The Talent Plus interview determines what your top natural abilities are. There is really no way you can skew your answers. They want to see if you will be a good fit for the company.


----------



## alexandramarie (Apr 12, 2014)

Ok, great thanks @emmie46 !


----------



## alyfashions (Oct 3, 2014)

I work for Lancome , but observe the Clinique counter from a distance. 3 people including the counter manager have quit within 6 months. The expectations are high to reach goals. Also since your GWP starts Oct 6 , it will become hell. You start off liking it and then slowly start to hate everything. Hopefully your Macy's is better but thats what I observe from my store. Good luck!


----------



## Sexy Sadie (Nov 28, 2014)

alyfashions said:


> I work for Lancome , but observe the Clinique counter from a distance. 3 people including the counter manager have quit within 6 months. The expectations are high to reach goals. Also since your GWP starts Oct 6 , it will become hell. You start off liking it and then slowly start to hate everything. Hopefully your Macy's is better but thats what I observe from my store. Good luck!
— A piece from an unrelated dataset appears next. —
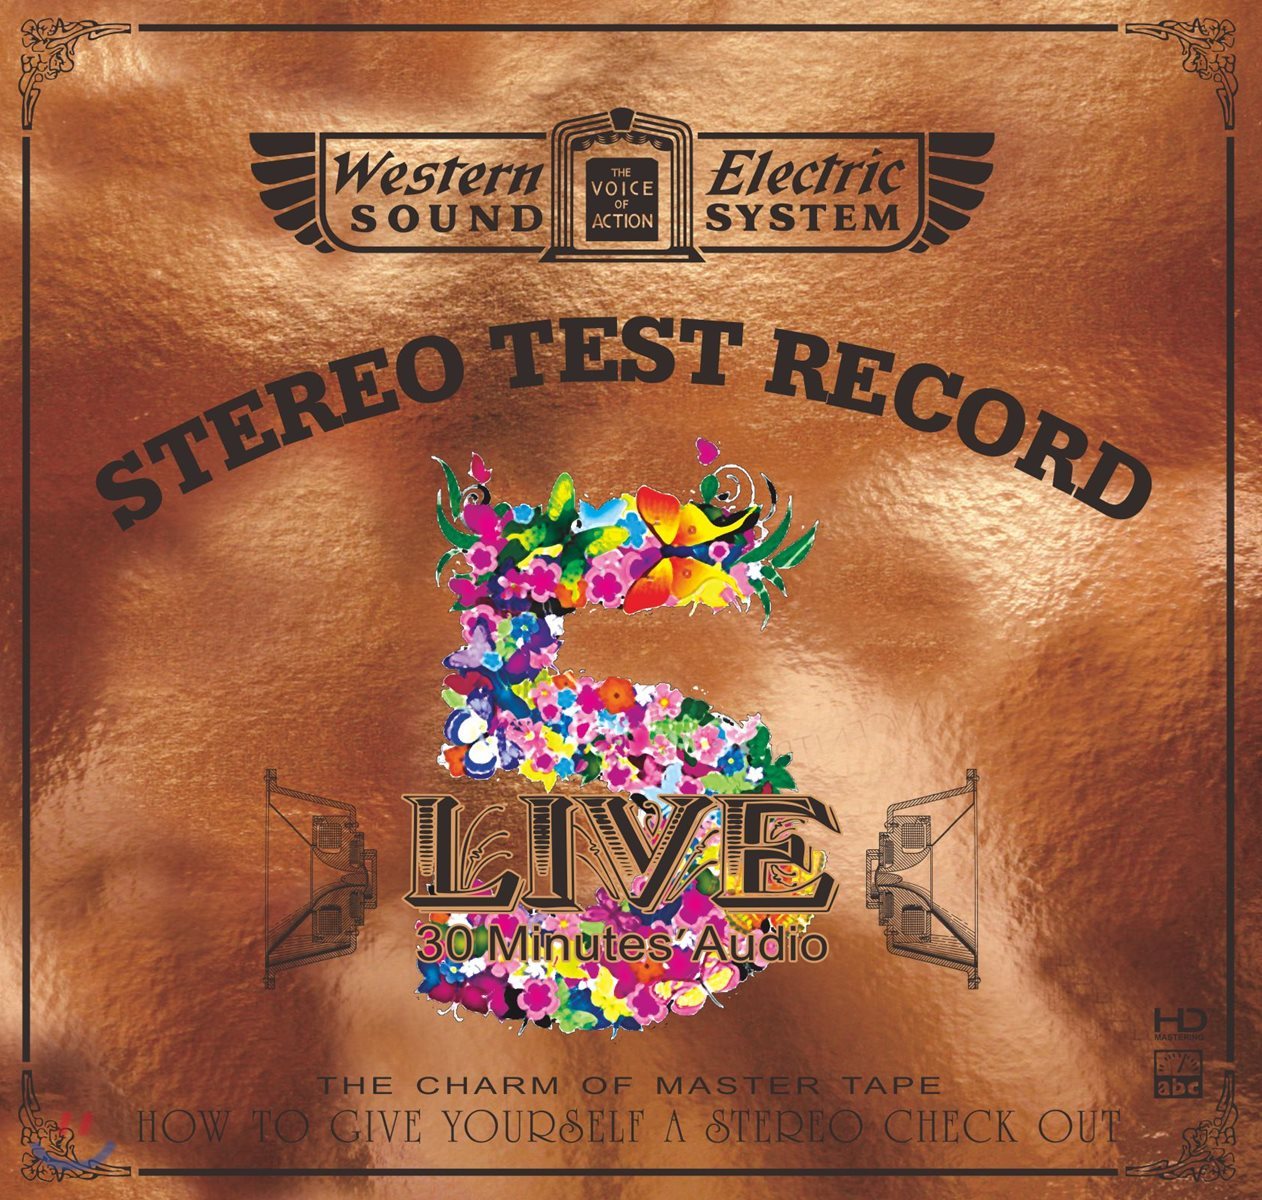 재즈, 클래식, 록 고음질 음악 모음집 (Western Electric Sound : Live 5 - 30 Minutes’ Audio Test CD)

  Is Clinique compared to other brands worse in this regard?


----------



## SmokeSignal16 (Nov 29, 2014)

With all things it really depends on the location, I mean every brand during Gift With Purchase time is going to be crazy busy but its one of the best times to make $$$ as a consultant. The only frustrating thing was when I worked for Clinique at Macy's was the fact we would run out of product fast! And it would take forever to get stock to replenish. As for turnover at the counter that was something I didn't really experience. I worked 3 years at Clinique and it was me and my counter manager the whole time. We did have a 3rd consultant but it took about a year to find someone that was not cray-cray and actually stuck around  I know after I left we were one of the Macy's locations where they combined Clinique and Estee Lauder and I think that probably caused more stress since I think they had 2 goals to meet for each brand versus focusing on one brand. I never had problems meeting my goals either, I was just part-time working to get through school and I would work a 3 hour shift and need to make $500 on most nights, no problem for me! But it might have been luck since I would always get the "after work" crowd lol.


----------